Lightweight Neural Network for Sleep Posture Classification Using Pressure Sensing Mat at Various Sensor Densities

Recently, pressure-sensing mats have been widely used to capture static and dynamic pressure over sleep for posture recognition. Both a full-size mat with a low-density sensing array for figuring out the structure of the whole body and a miniature scale mat with a high-density sensing array for identifying the local characteristics around the chest have been investigated. However, both of the mat systems may face the challenge in the trade-off between the computational complexity (involving the size, density, etc. of the mat) and the performance of sleep posture recognition, where high performance may requires overcomplex computation and result in time latency in real-time sleep posture monitoring.
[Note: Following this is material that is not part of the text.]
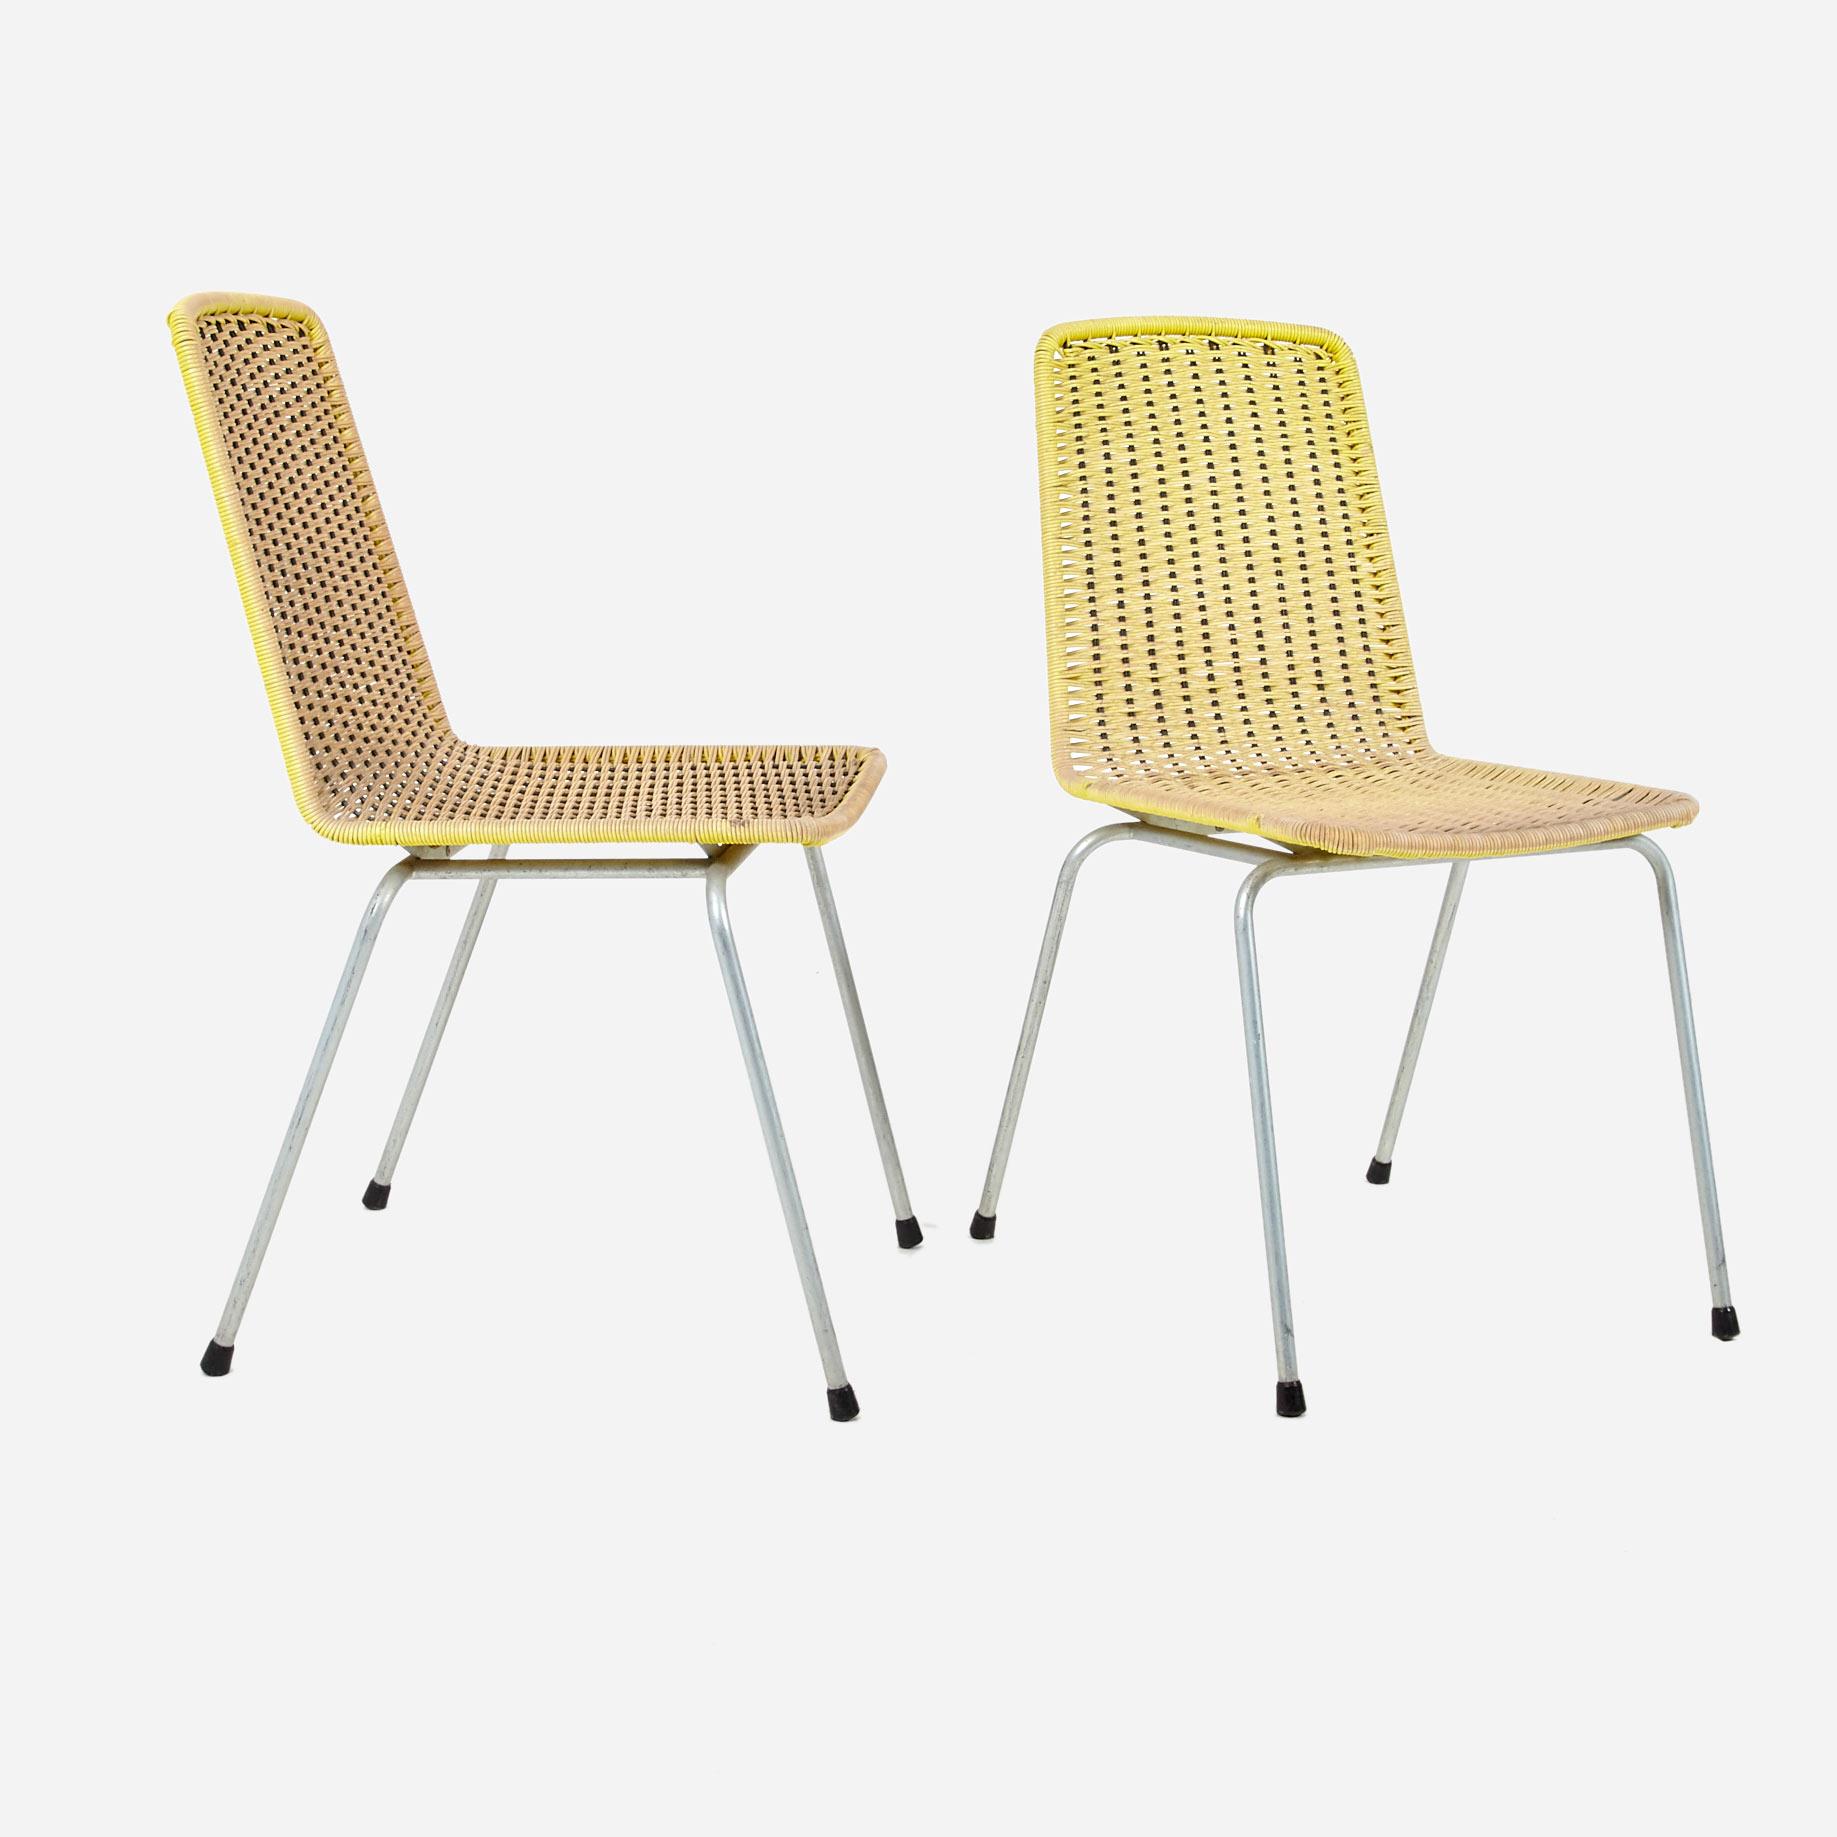 gartenstuhl mit gelben kunsttsoffgelfelcht stapelbar. Black Bedroom Furniture Sets. Home Design Ideas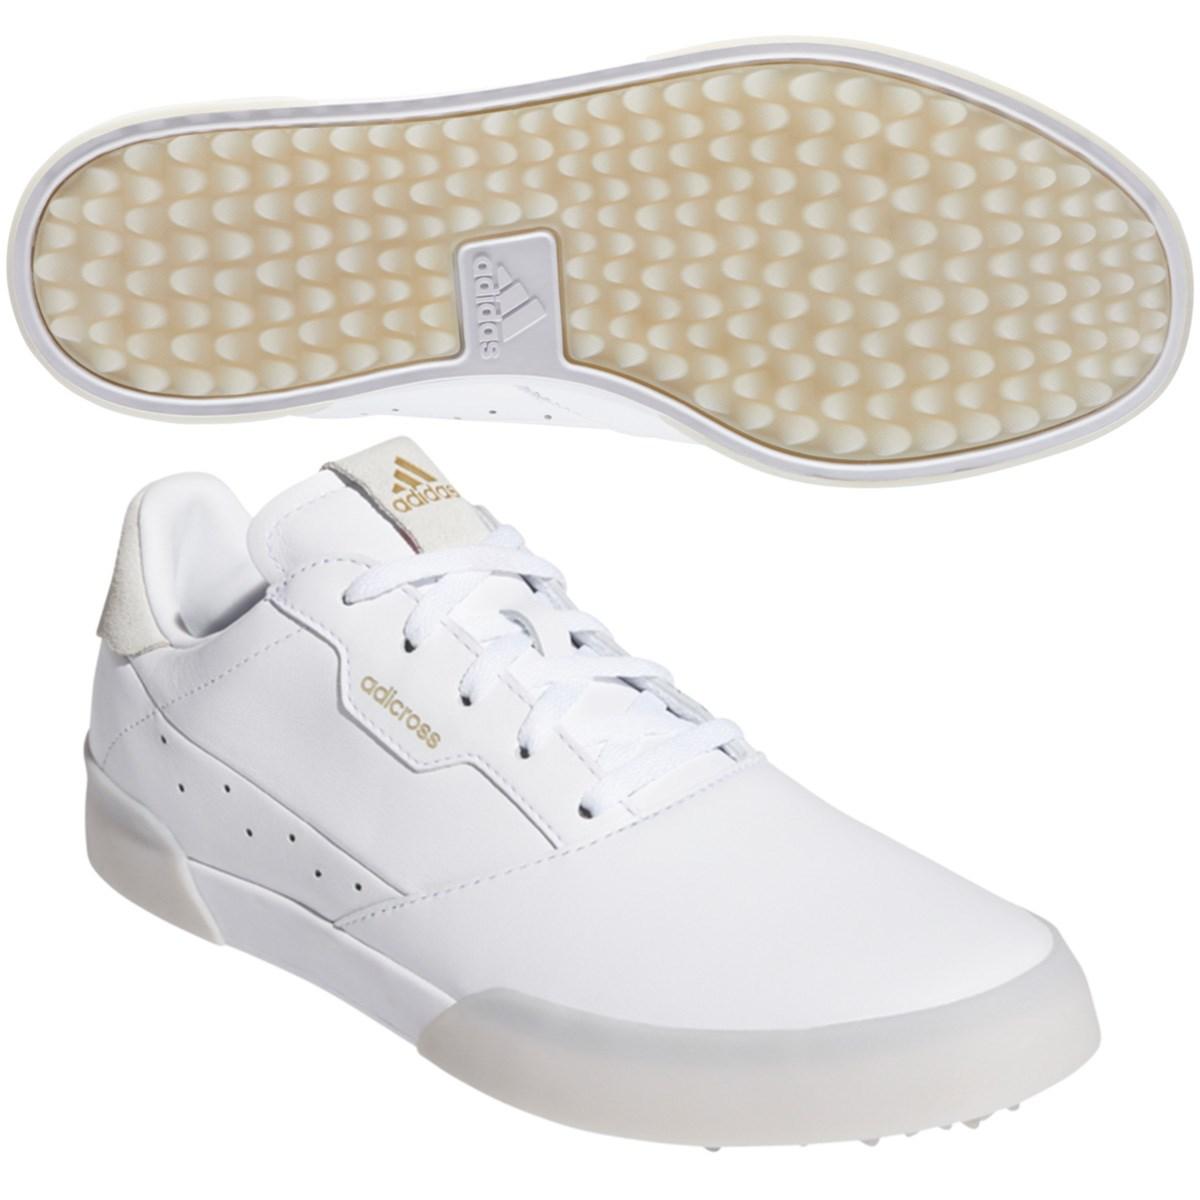 アディダス Adidas アディクロス レトロ シューズ 22.5cm ホワイト/ゴールドメタリック/クリスタルホワイト レディス

In this paper, a lightweight neural network named ConcatNet, is proposed to realize sleep postures (supine, left, right, and prone) recognition in real time while maintaining a favorable performance. In ConcatNet, the inception module is proposed to extract the image features under multiple receptive fields, while the multi-layer feature fusion module is utilized to fuse deep and shallow features to enhance the model performance. To further improve the efficiency of the model, the depthwise convolution is adopoted. ConcatNet models in 3 different scales (ConcatNet-S, ConcatNet-M, and ConcatNet-L) are built to explore the impact of the sensor density on sleep posture recognition performance. Experimental results exhibit that ConcatNet-M corresponding to medium sensor density ( ${16}\times {16}$ ) achieved the best comprehensive performance, with short-term data cross-validation accuracy at 95.56% and overnight data testing accuracy at 94.68%. The model size is 7.91KB, FLOPs is 56.47K, and the inference time is only 0.38ms, which shows an outstanding performance of real-time sleep posture recognition with minimum consumption, indicating the potential to be deployed in mobile devices.